# The Ugly Truth



## riverman (Jan 9, 2002)

about our most prized Lake Michigan tribs in this state. Tribs that have cold water and can sustain natural reproduction for native trout and anadromous species. Simply put, they are being neglected because of lack of foresight and funding that is being used to maintain fisheries in water that lacks their quality and a Lake Michigan fishery. Until dedication and funding is made to maintain or improve the quality of these streams, the slide will continue. There is a reason why the DNR does not want to introduce hatchery anadromous fish to these systems and I hope they never have to resort to that, but perhaps the time has come to seriously
reconsider what these stream have to offer that others do not and channel their efforts to the conservation of these gems.


----------



## plugger (Aug 8, 2001)

What would you like to see done to improve these streams?

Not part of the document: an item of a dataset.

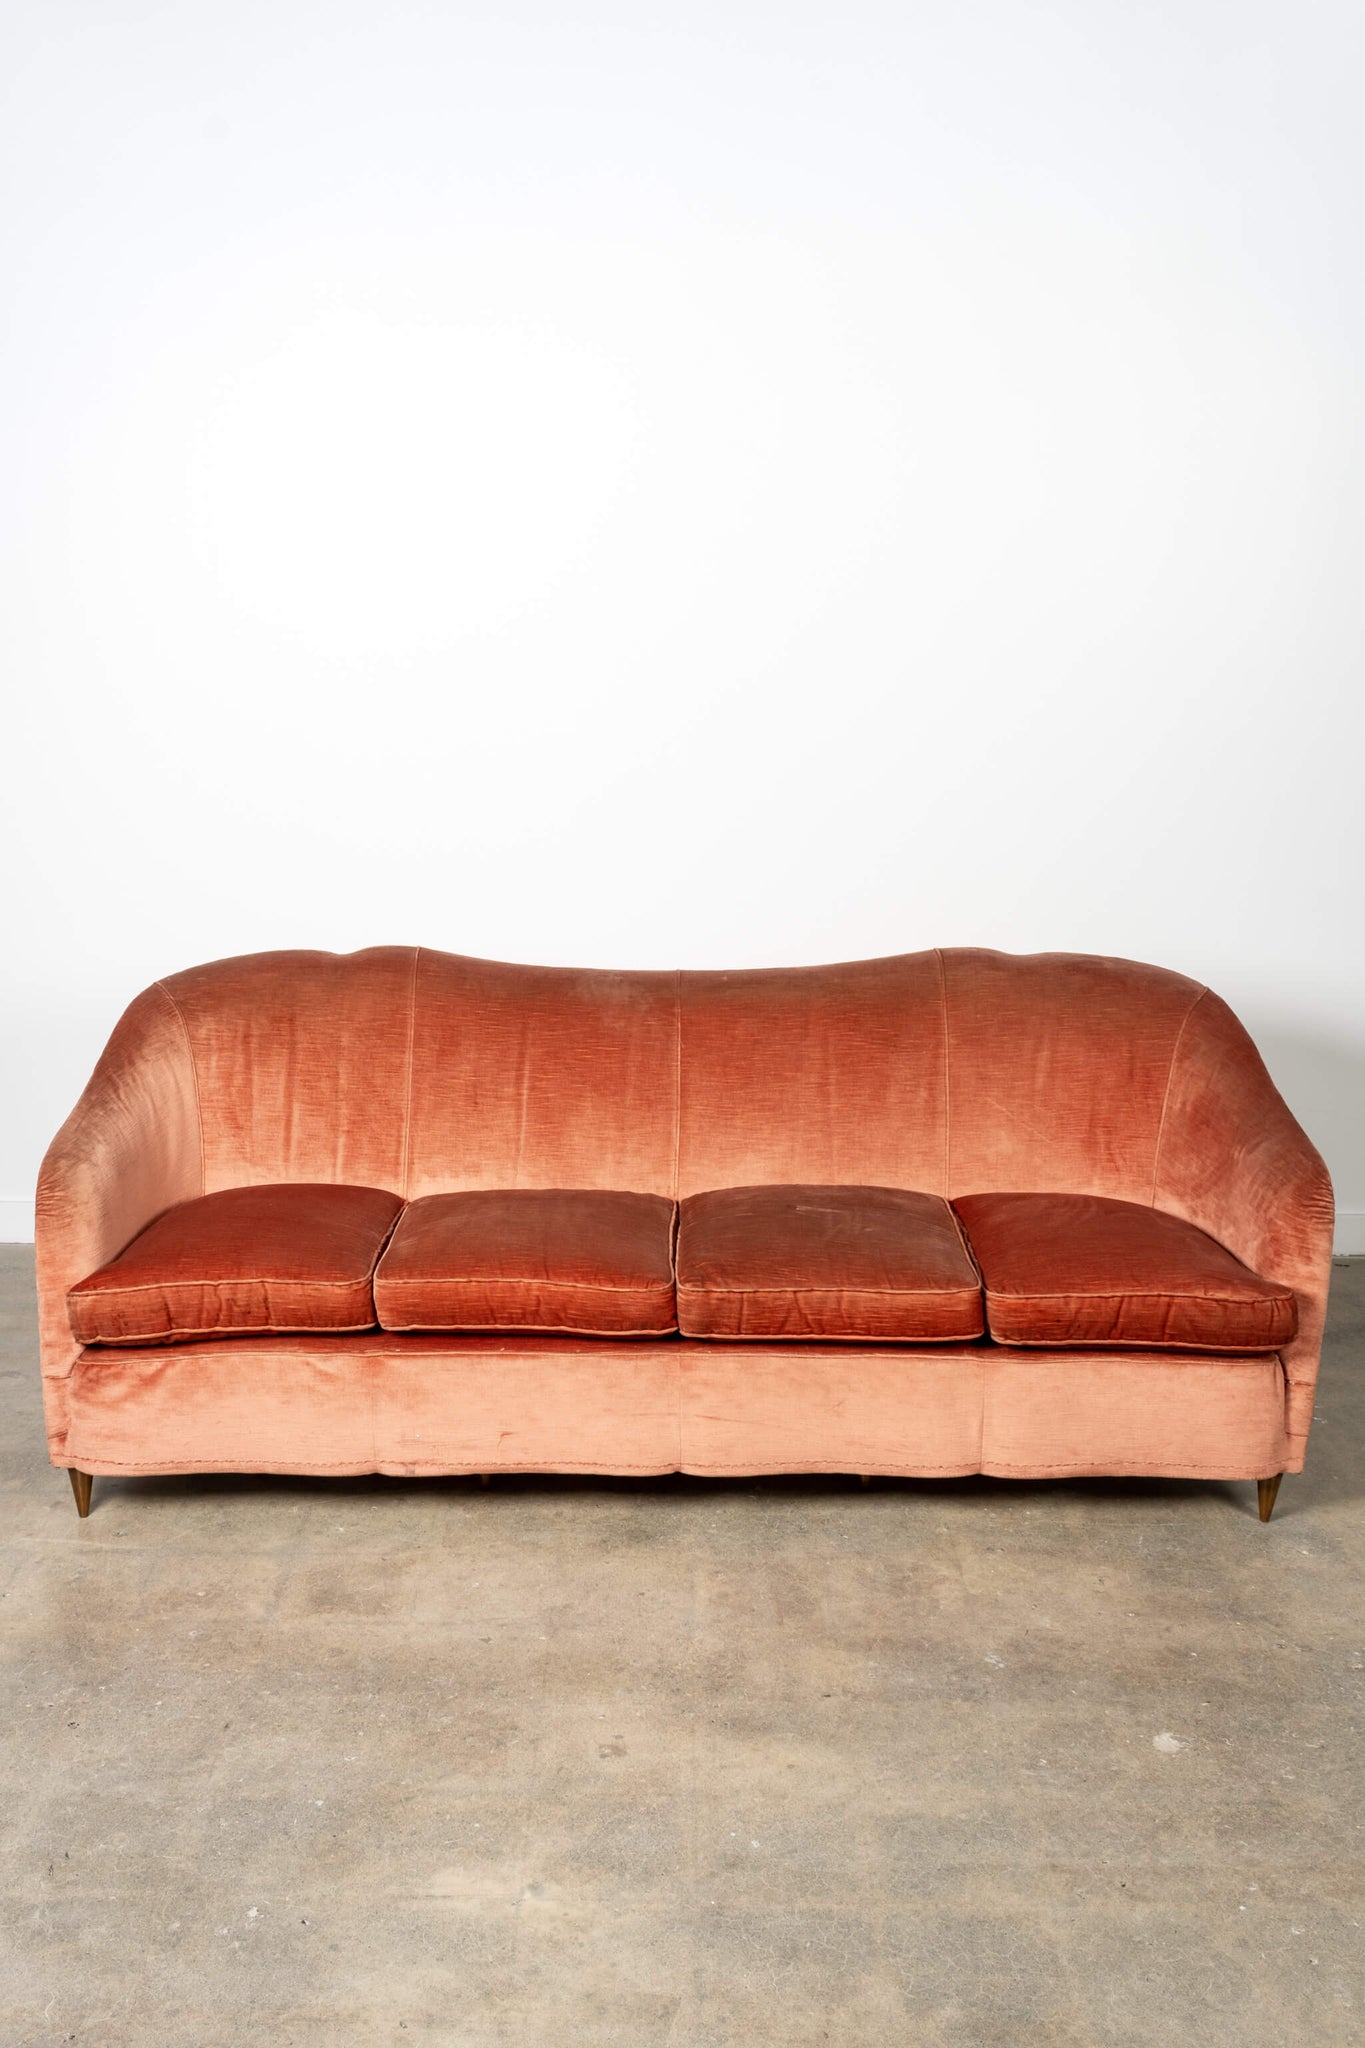 Extremely Rare Vintage Pink Orange Sofa with Curved Frame Detail Casa Giardino Gio Ponti, front view

1-Bank stabilization would probably be #1 to me. It seems every time I go down the river it's wider, shallower and sandier.

2-woody cover correctly placed to create habbitat. 

3- Lmit use or over use. esp during salmon season. The banks get tromped down and broken down by too many people entering and exiting carelessly.

4- Reduce commercial use of the river, Ie guides and canoe liverys. 

5- Reduce the size of bikinis in the upper river.

6- I cant beleive I am saying this but maybe going to a traditional trout season. Closed sept 1 to the last saturday in april. Thefish might not need the closure but the river does.

I have come to beleive we asking too much from too small a river. Put the canoes guides ect on the muskegon or big M. The larger rivers could better handle the traffic and these rivers are dammed and not the natural rivers the PM is.


----------



## riverman (Jan 9, 2002)

I'd like to see some of what you said Mike, esp bikini size, but mostly I'd like to see our state make a commitment to all these cold running streams, not just the PM.


----------



## johnnie555 (Jan 25, 2005)

riverman said:


> I'd like to see some of what you said Mike, esp bikini size, but mostly I'd like to see our state make a commitment to all these cold running streams, not just the PM.


 AMEN TO THAT!!!


----------



## duxdog (Apr 13, 2008)

I fish Bear Creek aLot. I have for 22 years now. It used to be a treasure for fishing. Now it is in a sad state due to the tremendous pressure that it has endured in the last 10 yrs. Now it seams every time I am there there are guides on the river and countless numbers of people whether it is a Tuesday or a Saturday. This river receives ZERO plants of any species and should be taken care of and embraced especially by the BM crowd because it is the life blood of that river. This is what I would like to see for this watershed.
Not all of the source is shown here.